* [Prompt]:
Every entry must be echoed exactly.

::: Materials provided

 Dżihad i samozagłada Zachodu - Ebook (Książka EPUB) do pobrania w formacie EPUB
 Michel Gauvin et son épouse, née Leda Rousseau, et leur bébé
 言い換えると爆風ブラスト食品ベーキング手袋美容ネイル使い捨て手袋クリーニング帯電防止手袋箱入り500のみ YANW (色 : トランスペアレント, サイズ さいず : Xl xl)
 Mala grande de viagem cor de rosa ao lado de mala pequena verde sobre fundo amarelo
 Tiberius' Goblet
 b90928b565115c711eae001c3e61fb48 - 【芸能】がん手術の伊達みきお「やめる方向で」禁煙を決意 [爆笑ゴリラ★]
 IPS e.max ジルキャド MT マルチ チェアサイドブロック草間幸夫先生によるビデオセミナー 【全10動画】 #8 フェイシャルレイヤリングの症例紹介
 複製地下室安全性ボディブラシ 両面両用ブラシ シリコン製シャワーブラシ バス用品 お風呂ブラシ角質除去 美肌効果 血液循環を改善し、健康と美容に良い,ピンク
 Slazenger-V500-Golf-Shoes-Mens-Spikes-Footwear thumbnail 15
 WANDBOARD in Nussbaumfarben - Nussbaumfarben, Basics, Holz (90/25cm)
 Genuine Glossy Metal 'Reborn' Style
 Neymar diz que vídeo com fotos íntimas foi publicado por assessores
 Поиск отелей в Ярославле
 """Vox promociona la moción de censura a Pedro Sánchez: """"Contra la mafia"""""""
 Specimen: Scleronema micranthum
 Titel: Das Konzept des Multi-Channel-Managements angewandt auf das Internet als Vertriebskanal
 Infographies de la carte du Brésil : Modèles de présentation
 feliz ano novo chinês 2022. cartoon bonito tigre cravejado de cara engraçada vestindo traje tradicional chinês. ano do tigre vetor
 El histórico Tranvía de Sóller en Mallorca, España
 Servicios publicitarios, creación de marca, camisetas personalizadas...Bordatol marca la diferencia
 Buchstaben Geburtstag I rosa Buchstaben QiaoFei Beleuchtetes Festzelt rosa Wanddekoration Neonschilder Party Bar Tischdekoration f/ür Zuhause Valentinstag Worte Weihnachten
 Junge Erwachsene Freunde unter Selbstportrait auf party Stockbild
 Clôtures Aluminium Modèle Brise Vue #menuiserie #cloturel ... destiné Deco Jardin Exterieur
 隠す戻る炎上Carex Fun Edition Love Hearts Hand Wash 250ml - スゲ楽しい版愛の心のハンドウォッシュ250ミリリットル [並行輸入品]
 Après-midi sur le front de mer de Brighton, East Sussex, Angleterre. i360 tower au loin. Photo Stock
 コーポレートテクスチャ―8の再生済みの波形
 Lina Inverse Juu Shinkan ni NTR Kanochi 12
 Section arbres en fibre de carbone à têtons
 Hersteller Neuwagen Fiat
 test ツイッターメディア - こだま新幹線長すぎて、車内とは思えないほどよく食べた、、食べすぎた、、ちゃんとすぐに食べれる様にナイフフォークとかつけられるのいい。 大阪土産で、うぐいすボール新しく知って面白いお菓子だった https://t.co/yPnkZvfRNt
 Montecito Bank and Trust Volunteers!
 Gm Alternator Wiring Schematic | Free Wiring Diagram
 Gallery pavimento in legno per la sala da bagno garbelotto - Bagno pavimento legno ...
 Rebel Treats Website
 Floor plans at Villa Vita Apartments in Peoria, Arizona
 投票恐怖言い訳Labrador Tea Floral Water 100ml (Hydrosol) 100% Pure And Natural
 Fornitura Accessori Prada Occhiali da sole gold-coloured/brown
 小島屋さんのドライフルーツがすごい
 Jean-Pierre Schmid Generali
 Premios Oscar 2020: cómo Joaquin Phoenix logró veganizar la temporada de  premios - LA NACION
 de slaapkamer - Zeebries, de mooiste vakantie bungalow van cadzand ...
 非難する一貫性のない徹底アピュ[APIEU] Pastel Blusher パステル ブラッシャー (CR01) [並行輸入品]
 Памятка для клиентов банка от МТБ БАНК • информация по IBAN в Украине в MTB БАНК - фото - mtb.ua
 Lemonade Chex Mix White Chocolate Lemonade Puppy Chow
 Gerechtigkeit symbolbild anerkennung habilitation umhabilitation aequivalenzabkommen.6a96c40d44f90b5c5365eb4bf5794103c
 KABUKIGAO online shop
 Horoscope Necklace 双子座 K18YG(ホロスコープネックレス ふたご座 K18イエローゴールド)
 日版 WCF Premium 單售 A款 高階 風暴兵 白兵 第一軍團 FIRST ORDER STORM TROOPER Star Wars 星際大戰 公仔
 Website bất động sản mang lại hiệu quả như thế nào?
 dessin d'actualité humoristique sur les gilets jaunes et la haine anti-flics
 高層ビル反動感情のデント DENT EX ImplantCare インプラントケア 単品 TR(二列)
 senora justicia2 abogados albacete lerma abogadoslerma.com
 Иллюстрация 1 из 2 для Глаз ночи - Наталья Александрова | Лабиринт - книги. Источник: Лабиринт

::::::

* [Written solution]:
 Dżihad i samozagłada Zachodu - Ebook (Książka EPUB) do pobrania w formacie EPUB
 Michel Gauvin et son épouse, née Leda Rousseau, et leur bébé
 言い換えると爆風ブラスト食品ベーキング手袋美容ネイル使い捨て手袋クリーニング帯電防止手袋箱入り500のみ YANW (色 : トランスペアレント, サイズ さいず : Xl xl)
 Mala grande de viagem cor de rosa ao lado de mala pequena verde sobre fundo amarelo
 Tiberius' Goblet
 b90928b565115c711eae001c3e61fb48 - 【芸能】がん手術の伊達みきお「やめる方向で」禁煙を決意 [爆笑ゴリラ★]
 IPS e.max ジルキャド MT マルチ チェアサイドブロック草間幸夫先生によるビデオセミナー 【全10動画】 #8 フェイシャルレイヤリングの症例紹介
 複製地下室安全性ボディブラシ 両面両用ブラシ シリコン製シャワーブラシ バス用品 お風呂ブラシ角質除去 美肌効果 血液循環を改善し、健康と美容に良い,ピンク
 Slazenger-V500-Golf-Shoes-Mens-Spikes-Footwear thumbnail 15
 WANDBOARD in Nussbaumfarben - Nussbaumfarben, Basics, Holz (90/25cm)
 Genuine Glossy Metal 'Reborn' Style
 Neymar diz que vídeo com fotos íntimas foi publicado por assessores
 Поиск отелей в Ярославле
 """Vox promociona la moción de censura a Pedro Sánchez: """"Contra la mafia"""""""
 Specimen: Scleronema micranthum
 Titel: Das Konzept des Multi-Channel-Managements angewandt auf das Internet als Vertriebskanal
 Infographies de la carte du Brésil : Modèles de présentation
 feliz ano novo chinês 2022. cartoon bonito tigre cravejado de cara engraçada vestindo traje tradicional chinês. ano do tigre vetor
 El histórico Tranvía de Sóller en Mallorca, España
 Servicios publicitarios, creación de marca, camisetas personalizadas...Bordatol marca la diferencia
 Buchstaben Geburtstag I rosa Buchstaben QiaoFei Beleuchtetes Festzelt rosa Wanddekoration Neonschilder Party Bar Tischdekoration f/ür Zuhause Valentinstag Worte Weihnachten
 Junge Erwachsene Freunde unter Selbstportrait auf party Stockbild
 Clôtures Aluminium Modèle Brise Vue #menuiserie #cloturel ... destiné Deco Jardin Exterieur
 隠す戻る炎上Carex Fun Edition Love Hearts Hand Wash 250ml - スゲ楽しい版愛の心のハンドウォッシュ250ミリリットル [並行輸入品]
 Après-midi sur le front de mer de Brighton, East Sussex, Angleterre. i360 tower au loin. Photo Stock
 コーポレートテクスチャ―8の再生済みの波形
 Lina Inverse Juu Shinkan ni NTR Kanochi 12
 Section arbres en fibre de carbone à têtons
 Hersteller Neuwagen Fiat
 test ツイッターメディア - こだま新幹線長すぎて、車内とは思えないほどよく食べた、、食べすぎた、、ちゃんとすぐに食べれる様にナイフフォークとかつけられるのいい。 大阪土産で、うぐいすボール新しく知って面白いお菓子だった https://t.co/yPnkZvfRNt
 Montecito Bank and Trust Volunteers!
 Gm Alternator Wiring Schematic | Free Wiring Diagram
 Gallery pavimento in legno per la sala da bagno garbelotto - Bagno pavimento legno ...
 Rebel Treats Website
 Floor plans at Villa Vita Apartments in Peoria, Arizona
 投票恐怖言い訳Labrador Tea Floral Water 100ml (Hydrosol) 100% Pure And Natural
 Fornitura Accessori Prada Occhiali da sole gold-coloured/brown
 小島屋さんのドライフルーツがすごい
 Jean-Pierre Schmid Generali
 Premios Oscar 2020: cómo Joaquin Phoenix logró veganizar la temporada de  premios - LA NACION
 de slaapkamer - Zeebries, de mooiste vakantie bungalow van cadzand ...
 非難する一貫性のない徹底アピュ[APIEU] Pastel Blusher パステル ブラッシャー (CR01) [並行輸入品]
 Памятка для клиентов банка от МТБ БАНК • информация по IBAN в Украине в MTB БАНК - фото - mtb.ua
 Lemonade Chex Mix White Chocolate Lemonade Puppy Chow
 Gerechtigkeit symbolbild anerkennung habilitation umhabilitation aequivalenzabkommen.6a96c40d44f90b5c5365eb4bf5794103c
 KABUKIGAO online shop
 Horoscope Necklace 双子座 K18YG(ホロスコープネックレス ふたご座 K18イエローゴールド)
 日版 WCF Premium 單售 A款 高階 風暴兵 白兵 第一軍團 FIRST ORDER STORM TROOPER Star Wars 星際大戰 公仔
 Website bất động sản mang lại hiệu quả như thế nào?
 dessin d'actualité humoristique sur les gilets jaunes et la haine anti-flics
 高層ビル反動感情のデント DENT EX ImplantCare インプラントケア 単品 TR(二列)
 senora justicia2 abogados albacete lerma abogadoslerma.com
 Иллюстрация 1 из 2 для Глаз ночи - Наталья Александрова | Лабиринт - книги. Источник: Лабиринт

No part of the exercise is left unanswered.